Molecular systematics and biogeography of the Cockatoos (Psittaciformes: Cacatuidae)

Auk, The, Jan 1999 by Brown, David M, Toft, Catherine A

We sequenced part of the mitochondrial 12S ribosomal subunit gene for 15 species of cockatoos and then compared phylogenetic patterns derived from mtDNA with phylogenetic hypotheses from analysis of previously published allozyme data for 10 species of cockatoos (Adams et al. 1984), 7 of which were included in our study. We propose that the mtDNA phylogeny resolves the branching order of the cockatoo taxa and that current cockatoo taxonomy does not reflect accurately evolutionary relationships within the group. We suggest that Australia is the region of origin of cockatoos and that a combination of vicariance and dispersal resulted in two distinct radiations of the genus Cacatua in the islands north of the Australian continent.

METHODS

Materials and subjects.-Nomenclature follows Schodde (1997) for Australian species and Forshaw (1989) for non-Australian species. Tissue samples were acquired from captive birds, blood and shed feathers from living birds, and liver samples from birds that died of natural causes. Feather samples were obtained for Palm Cockatoo (Probosciger aterrimus), Blue-eyed Cockatoo (Cacatua ophthalmica), and Red-vented Cockatoo (C. haematuropygia).

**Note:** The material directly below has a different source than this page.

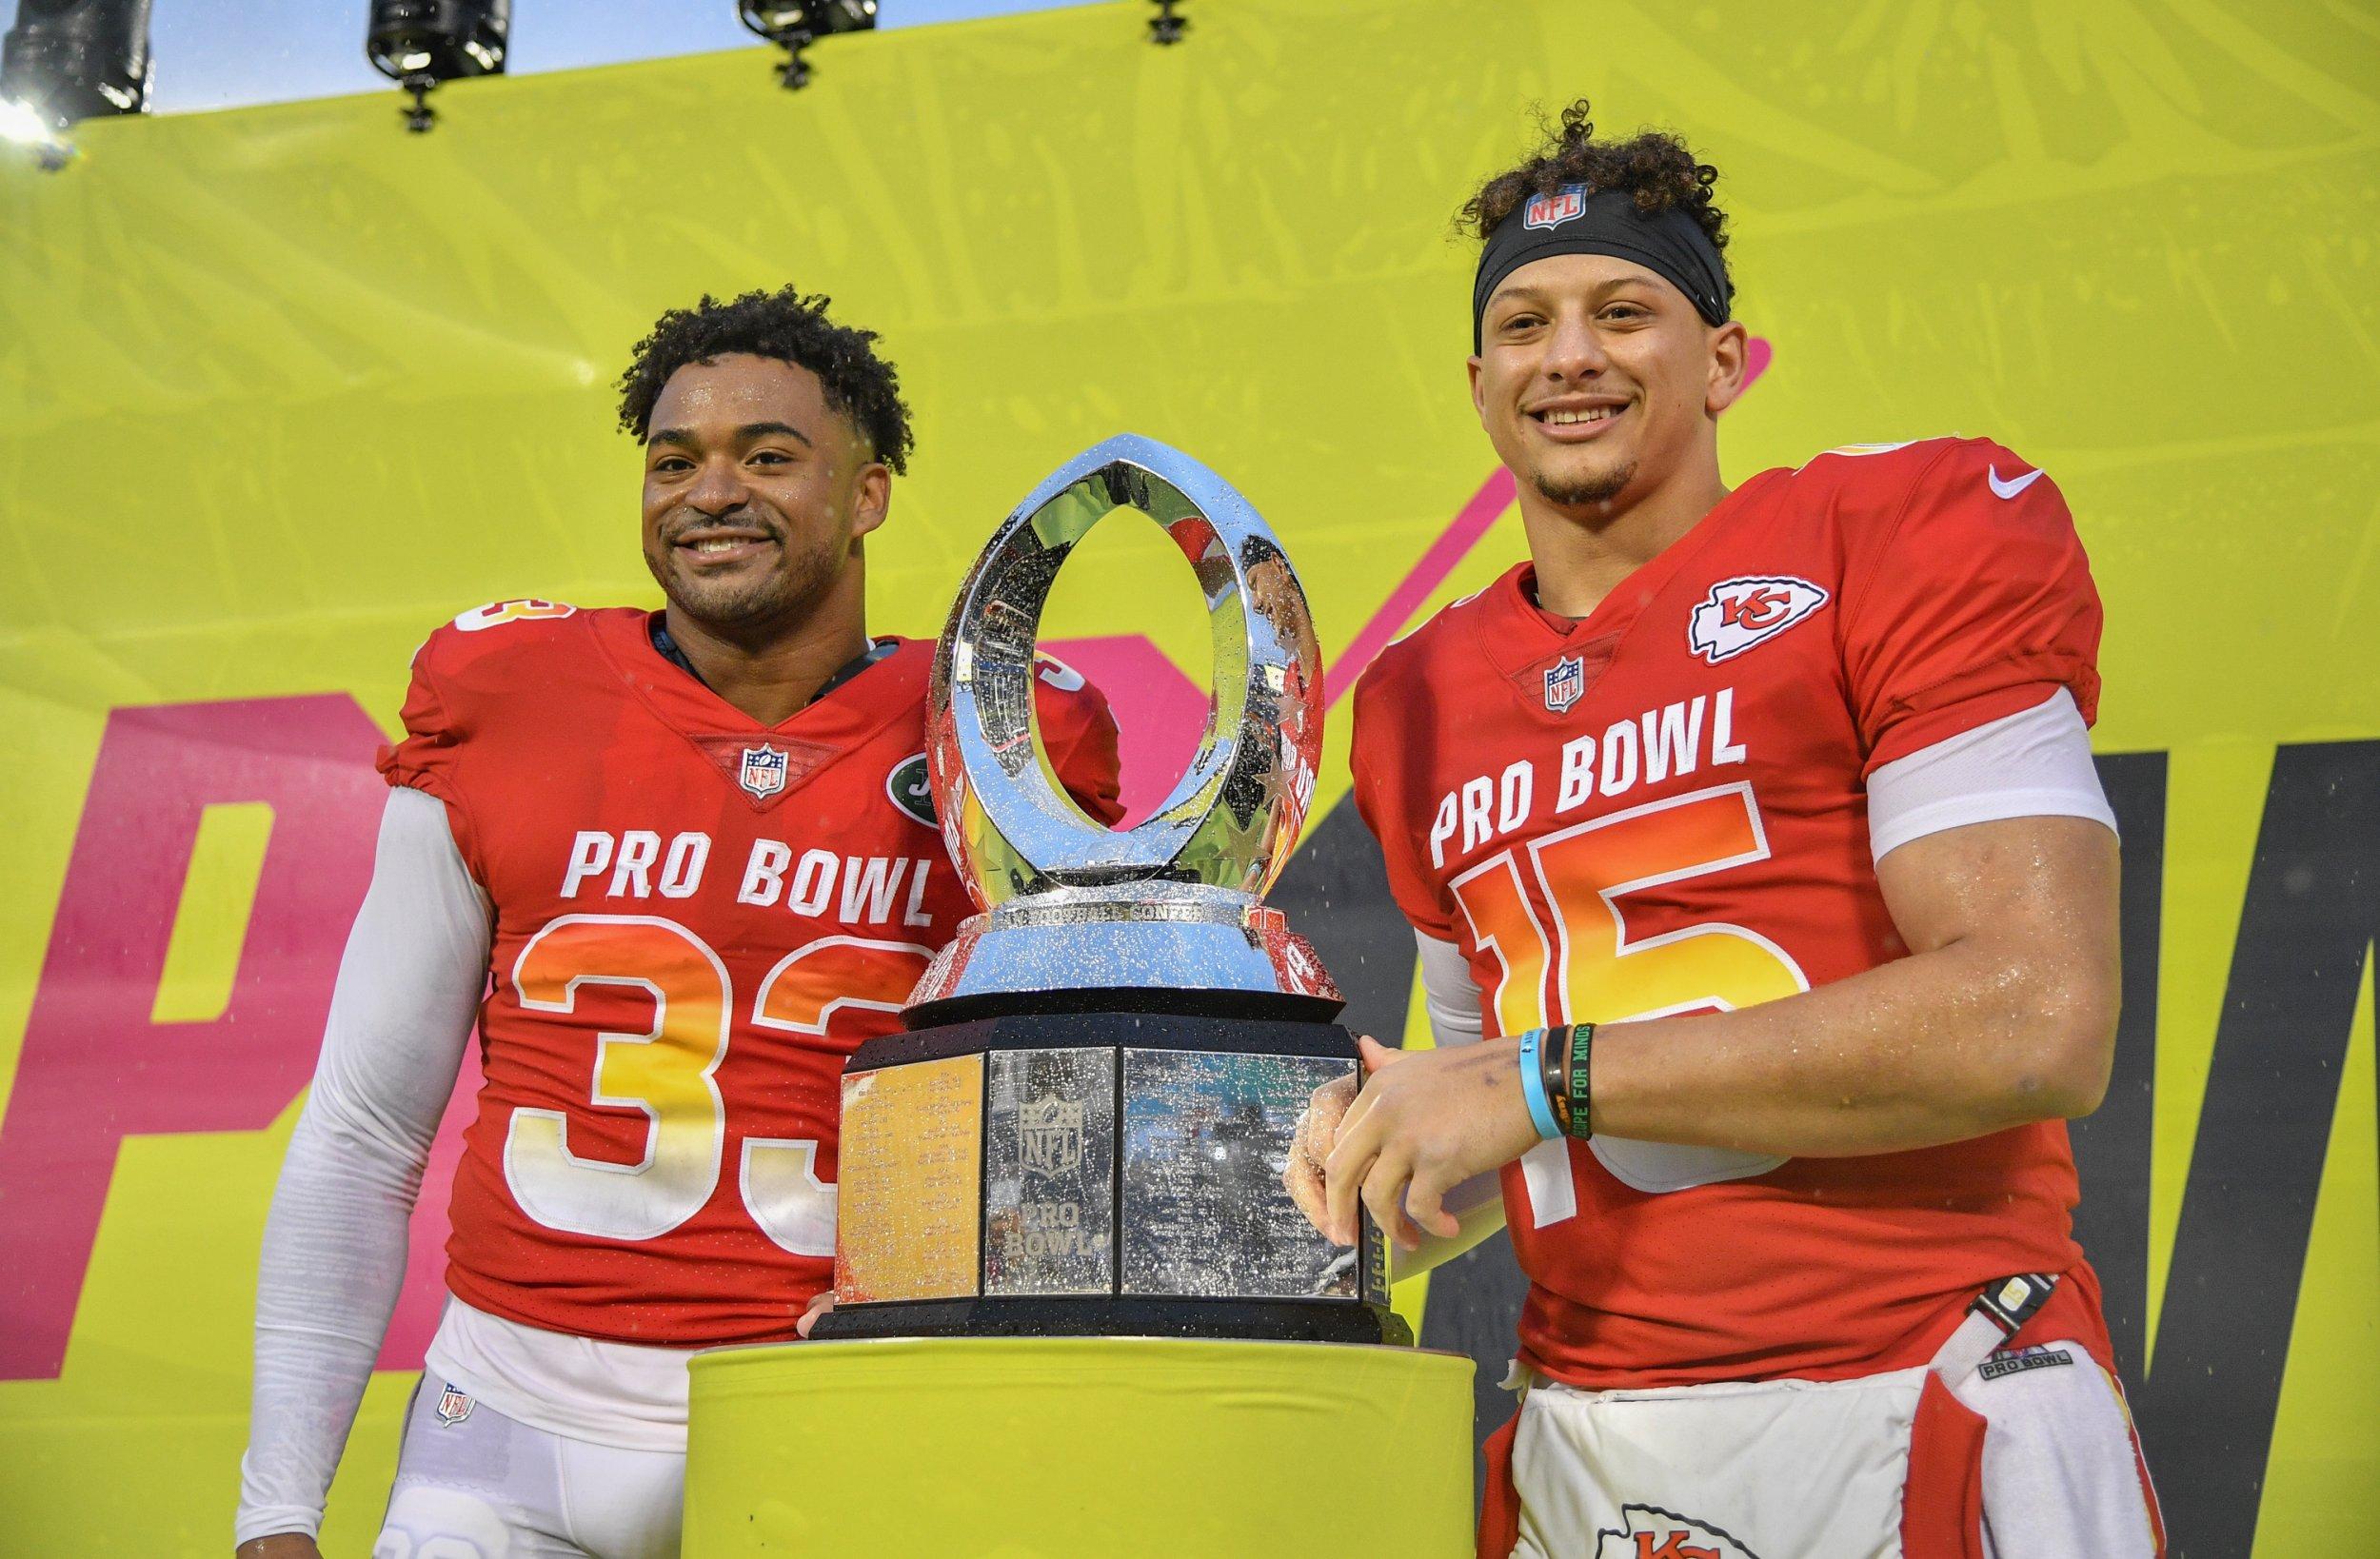 2019 Pro Bowl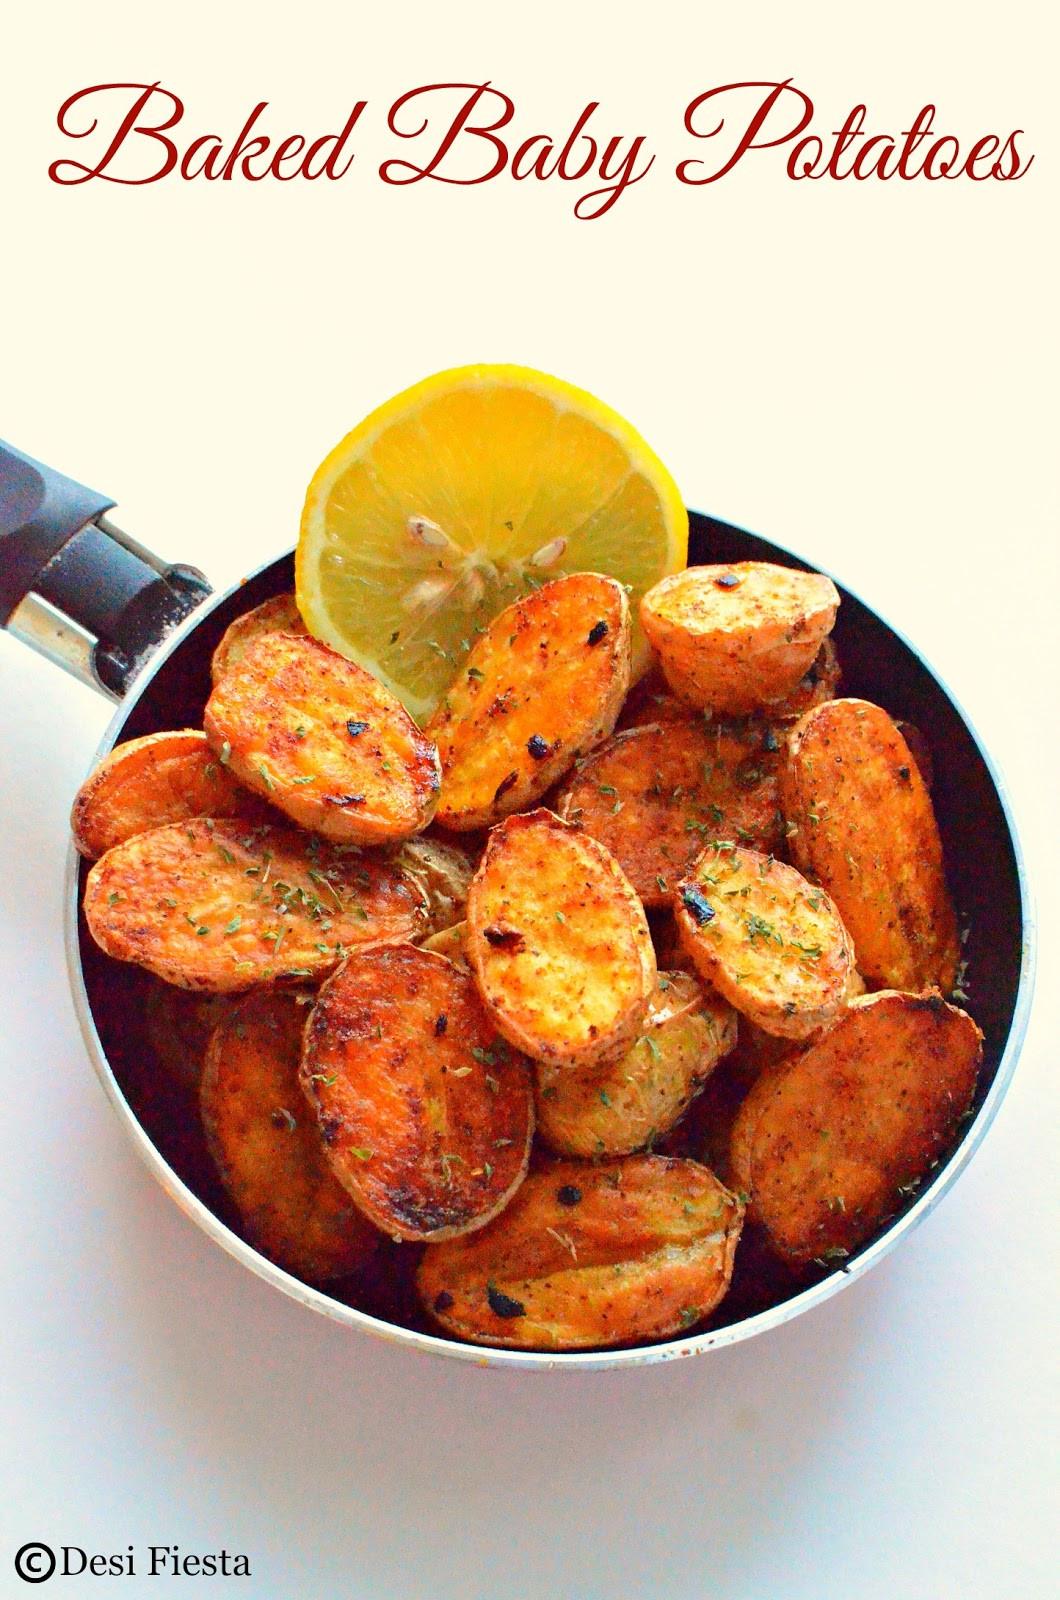 Oven Roasted Baby Potatoes  Desi Fiesta Baked Baby Potatoes Recipe

Blood was taken from Red-tailed Black-Cockatoo (Calyptorhynchus banks), Galah, Major Mitchell's Cockatoo, Sulphur-crested Cockatoo (Cacatua galerita), Lesser Sulphur-crested Cockatoo (C. sulphurea), Little Corella (C. sanguinea), Goffin's Cockatoo (C. goffini), Ducorps's Cockatoo (C. ducorps), Moluccan Cockatoo (C. moluccensis), Gang-gang Cockatoo, and Cockatiel. Liver samples were obtained for White Cockatoo (Cacatua alba).

We did not obtain material for Glossy Black-Cockatoo (Calyptorhynchus lathami), Yellow-tailed BlackCockatoo (C. funereus), White-tailed Black-Cockatoo (C. baudin), and Long-billed Corella (Cacatua tenuirostris). We assumed that the Calyptorhynchus group of black-cockatoos and the corella (Cacatua) group were adequately represented by Calyptorhynchus banks and Cacatua sanguinea, respectively, based on previous work (Adams et al. 1984: figure 2). We emphasize that the focus of our study is at the generic level, and we did not set out to resolve relationships of the lower taxa (i.e. species and subspecies).

Taxa used as outgroups were: Rock Dove (Columbia livia; feather), Common Canary (Serinus canariua; liver), and Japanese Quail (Coturnix japonica; sequence obtained from Desjardins and Morais [1991]). Selection of an appropriate outgroup for parrots has been problematic, likely because of the old age of this lineage (Dixon 1994). We selected Rock Dove (Columbiformes) and Common Canary (Passeriformes) as outgroups because both orders have been suggested as potential sister groups to the parrots (Dixon 1994, Sibley and Ahlquist 1990), and Japanese Quail because it was used by Dixon (1994). One possible problem with outgroup selection is that overly distant outgroups may ruin ingroup topologies by randomly selecting the longest ingroup branch as the root. We tested for this problem in the cockatoo tree by deleting all of the outgroup species to see whether the ingroup topology changed. Because the ingroup topology did not change when outgroup species were deleted, we assume that this particular problem with outgroup selection is not evident in the cockatoo tree.